The first line just lets us see the INFO logging that gensim provides as it trains. The second line will execute the training on the provided sentences iterator.  The first optional argument iter specifies how many times the training code will run through the data set to train the neural network (kind of like the number of training epochs). The gensim training code will actually run through all the data iter+1 time, as the first pass involves collecting all the unique words, creating dictionaries etc.  The next argument, min_count, specifies the minimum amount of times that the word has to appear in the corpus before it is included in the vocabulary – this allows us to easily eliminate rare words and reduce our vocabulary size.  The third argument is the size of the resultant word vector – in this case, we set it to 300. In other words, each word in our vocabulary, after training, will be represented by a 300 length word vector. Finally, if we are using Cython, we can specify how many parallel workers we would like to work on the data – this will speed up the training process. There are lots of other arguments, but these are the main ones to consider.

Let’s examine our results and see what else gensim can do.

# get the word vector of "the"
print(model.wv['the'])

This returns a 300 length numpy vector – as you can see, each word vector can be retrieved from the model via a dictionary key i.e. a word within our vocabulary.

# get the most common words
print(model.wv.index2word[0], model.wv.index2word[1], model.wv.index2word[2])

The word vectors are also arranged within the wv object with indexes – the lowest index (i.e. 0) represents the most common word, the highest (i.e. the length of the vocabulary minus 1) the least common word.  The above code returns: “the of and”, which is unsurprising, as these are very common words.

# get the least common words
vocab_size = len(model.wv.vocab)
print(model.wv.index2word[vocab_size - 1], model.wv.index2word[vocab_size - 2], model.wv.index2word[vocab_size - 3])

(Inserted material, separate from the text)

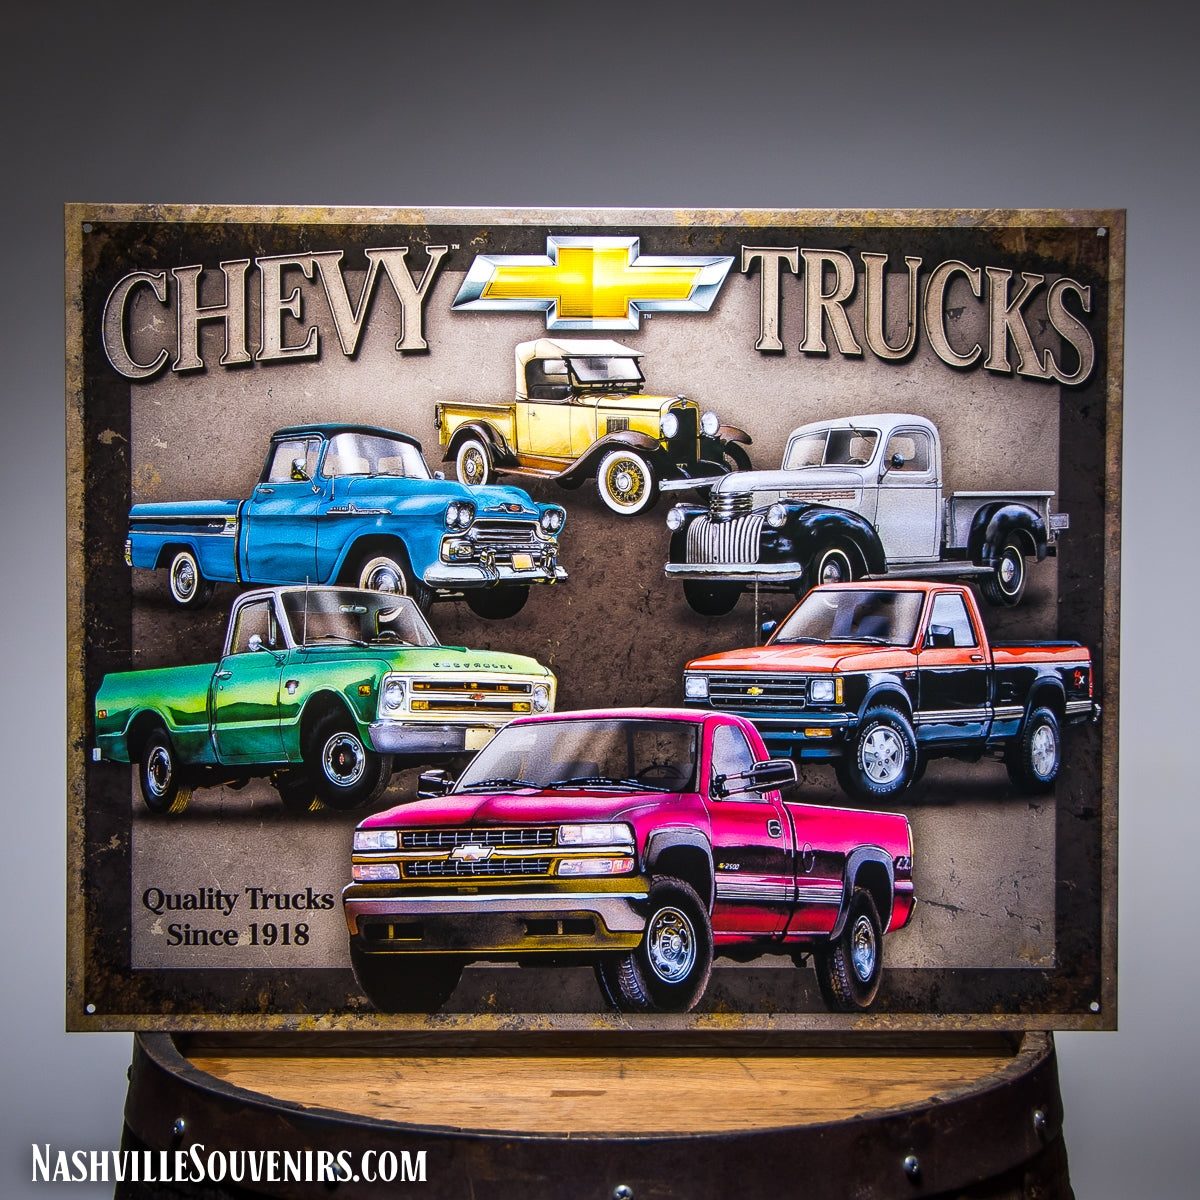 Chevy Trucks Quality Trucks since 1918 Tin Sign

The discovered vocabulary is found in model.wv.vocab – by taking the length of this dictionary, we can determine the vocabulary size (in this case, it is 47,134 elements long). The code above returns: “zanetti markschies absentia” – rare words indeed.

# find the index of the 2nd most common word ("of")
print('Index of "of" is: {}'.format(model.wv.vocab['of'].index))

We can also go the other way i.e. retrieve the index of a word we supply.  In this case, we are getting the index of the second most common word “of”. As expected the above code returns “Index of “of” is: 1″.

# some similarity fun
print(model.wv.similarity('woman', 'man'), model.wv.similarity('man', 'elephant'))

We can also easily extract similarity measures between word vectors (gensim uses cosine similarity). The above code returns “0.6599 0.2955”, which again makes sense given the context such words are generally used in.

# what doesn't fit?
print(model.wv.doesnt_match("green blue red zebra".split()))

This fun function determines which word doesn’t match the context of the others – in this case, “zebra” is returned.

We also want to able to convert our data set from a list of words to a list of integer indexes, based on the vocabulary developed by gensim.  To do so, we can use the following code:

# convert the input data into a list of integer indexes aligning with the wv indexes
# Read the data into a list of strings.
def read_data(filename):
    """Extract the first file enclosed in a zip file as a list of words."""
    with zipfile.ZipFile(filename) as f:
        data = f.read(f.namelist()[0]).split()
    return data

def convert_data_to_index(string_data, wv):
    index_data = []
    for word in string_data:
        if word in wv:
            index_data.append(wv.vocab[word].index)
    return index_data

str_data = read_data(root_path + filename)
index_data = convert_data_to_index(str_data, model.wv)
print(str_data[:4], index_data[:4])

The first function, read_data simply extracts the zip file data and returns a list of strings in the same order as our original text data set.  The second function loops through each word in the data set, determines if it is in the vocabulary*, and if so, adds the matching integer index to a list.  The code above returns: “[‘anarchism’, ‘originated’, ‘as’, ‘a’] [5237, 3080, 11, 5]”.

* Remember that some words in the data set will be missing from the vocabulary if they are very rare in the corpus.

We can also save and reload our trained word vectors/embeddings by the following simple code:

# save and reload the model
model.save(root_path + "mymodel")
model = gensim.models.Word2Vec.load(root_path + "mymodel")

Finally, I’ll show you how we can extract the embedding weights from the gensim Word2Vec embedding layer and store it in a numpy array, ready for use in TensorFlow and Keras.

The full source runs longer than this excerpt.